Jeffrey Gordon: Yeah, foolishly, we're primarily trucking. We do have a good here in our small community, your Shelters and State Farms, your captive main street agents, if they have something that they can't handle, they'll send it our way because we're primarily an ENS agency. If it's something a little hairy, we're the go-to in this area for a lot of those referral partners from the Main Street guys. We've got a mixed bag of stuff. I've got some manufacturing, some commercial property, but we're probably 70 plus percent trucking. The other 30 is just because of local community relationships and people that want us to handle things there, but it's all still commercial.

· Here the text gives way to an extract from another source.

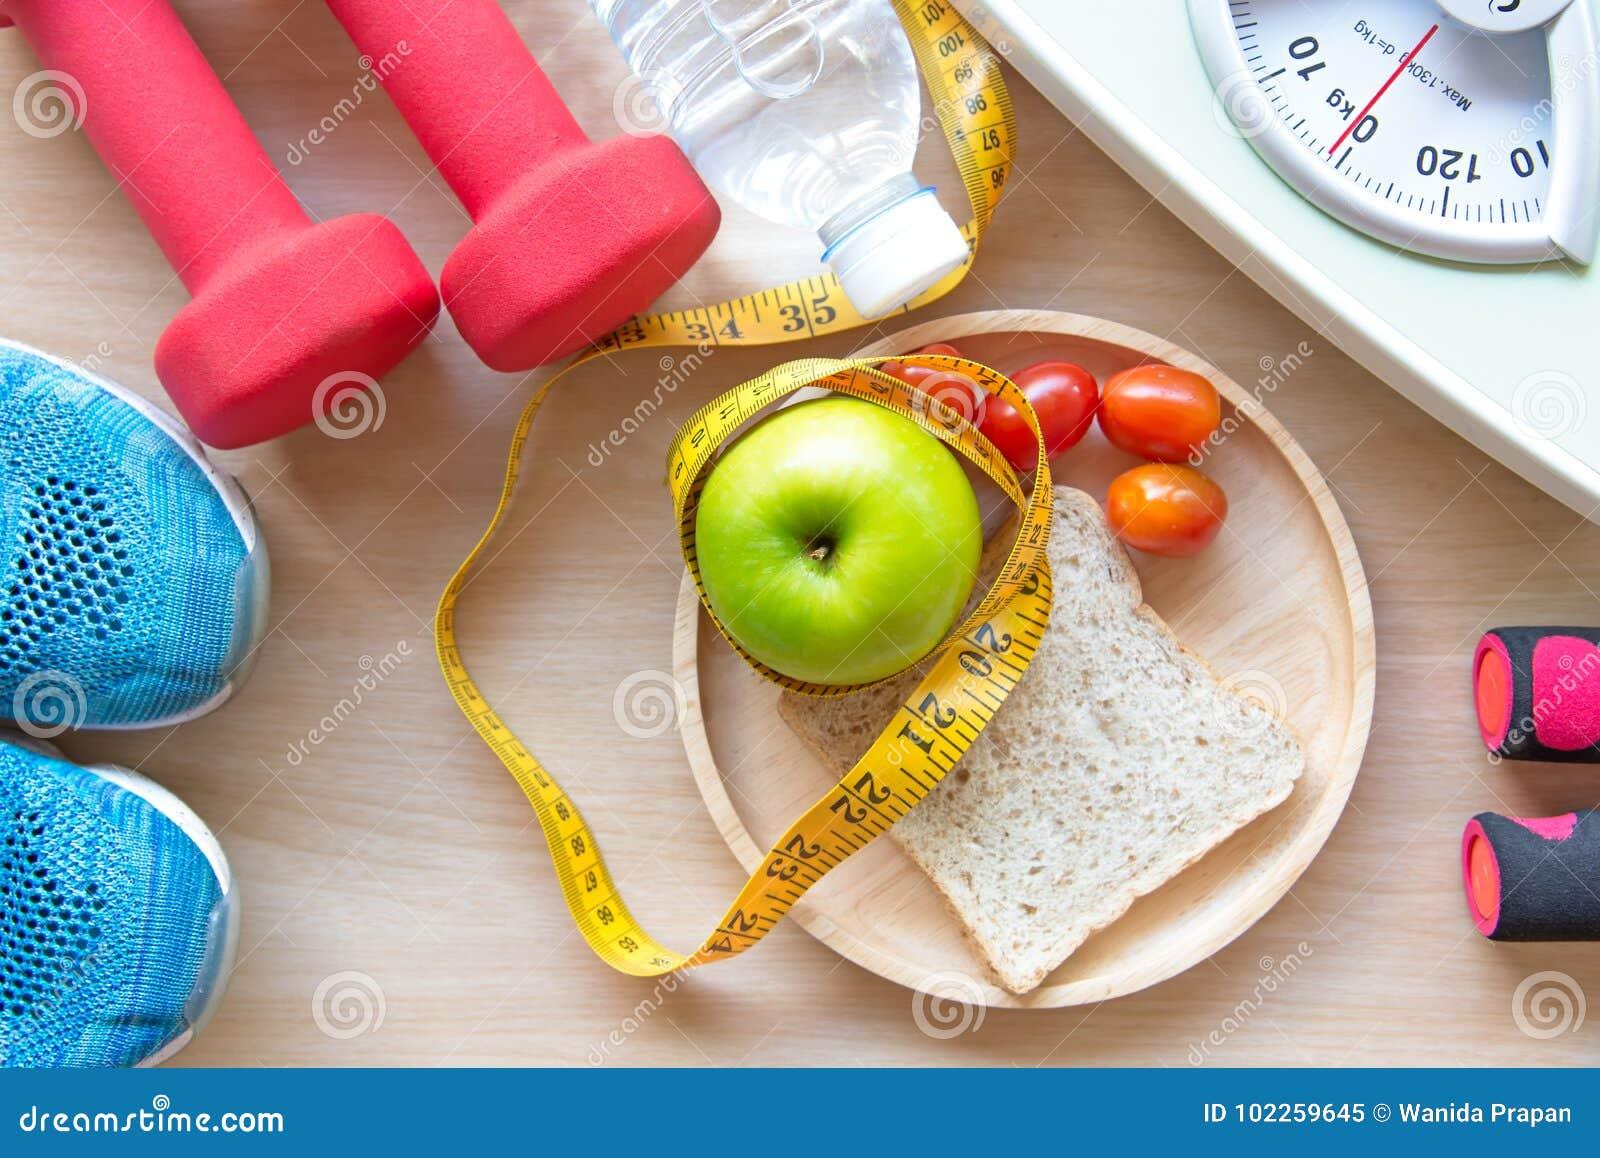 绿色苹果和重量标度、措施轻拍与净水和运动器材妇女的节食减肥

Joey Giangola: If you had to give your one stamp of, I don't want to say approval, but just guidance or caution for those agents that might have been in a position where, "Hey, Jeffrey's making this sound like it might be something I want to consider," what are you telling them and what's the one thing above all else that you would want them to know?

Jeffrey Gordon: Yeah, you're right. As simple as I make it sound, you do want to understand the industry and there's so many trucking newsletters that you can subscribe to just to be in the know on what these guys are dealing with. I'll probably get 10 different newsletters a week or month from different trucking publications and I'll just read the high points, hit the headlines, just see if there's anything I need to know about or if there's anything that I can communicate to our network. It's slipping my mind right now, but it's not the TRS designation, but there's a group out of Florida that kind of has a trucking insurance program.

Joey Giangola: Yep. Yeah, I've talked to the guy, we've had him on the podcast before.

Jeffrey Gordon: Tommy.

Joey Giangola: Talked to... Yeah, we've had Tommy on the podcast.

Jeffrey Gordon: He seems to run a really, if I were new coming in, I had no trucking background, but that's what I wanted to get into, a hundred percent, I would get into his program just because I think he really goes through all the coverages, the filings, everything in depth. It's something I've looked at, but after being in 15 years, I just hadn't slowed down to take the time to go there. It would probably be beneficial for me, somebody that's been in this long, it's just one of those things I hadn't made a priority, but if I were new, a hundred percent I would look into it.

Joey Giangola: All right, Jeffrey. Well, I've got three more questions for you sir. The first one is, what's one thing that you hope you never forget?

Jeffrey Gordon: Oh, man. What's one thing I hope I never forget? That's a tough one, there's so many things that I think of. I initially think to my kids, what's one thing I'd want to pass down to them? I'll tell you what keeps recurring in my mind is be kind. I believe in that karma lady, and I think that's kind of part of our outbound is just be kind and treat people right. It always has a way of working out if you do that.

Joey Giangola: Now, on the other side of that, what's one thing you still have yet to learn?

Jeffrey Gordon: That's a good one. I might need to bring my staff in and ask them that. What am I stubborn about? What have I not learned? What have I not learned is that I'm not the best at everything. As an agency owner, I hold on to a lot of things that my team can probably do better than me, but in my mind I do it the best. Yeah, I've not learned that I'm not the best at everything, as egotistical as that sounds.

Joey Giangola: All right. Jeffrey, last question to you, sir. If I were to hand you a magic wand of sorts to reshape, change, alter, speed up, really any part of insurance, what's that thing? Where is it going and what's it doing?

Jeffrey Gordon: I would like to, especially in my world, be directly connected to the carriers. I have to get my submission together. I send it to RPS as the broker who then sends it to ABC companies, to those underwriters, and it's got to come back to the broker, got to come to me. In my world, in the trucking world, there's a few options that have created that technology, but there's no direct, there's a breakdown in time, there's always a breakdown in communication. If I could have a magic wand, it would be a direct connection to more carriers.

Joey Giangola: Jeffrey, this has been fantastic, sir. I'm going to leave it right there.

Jeffrey Gordon: All right, fair enough. I appreciate you having me on.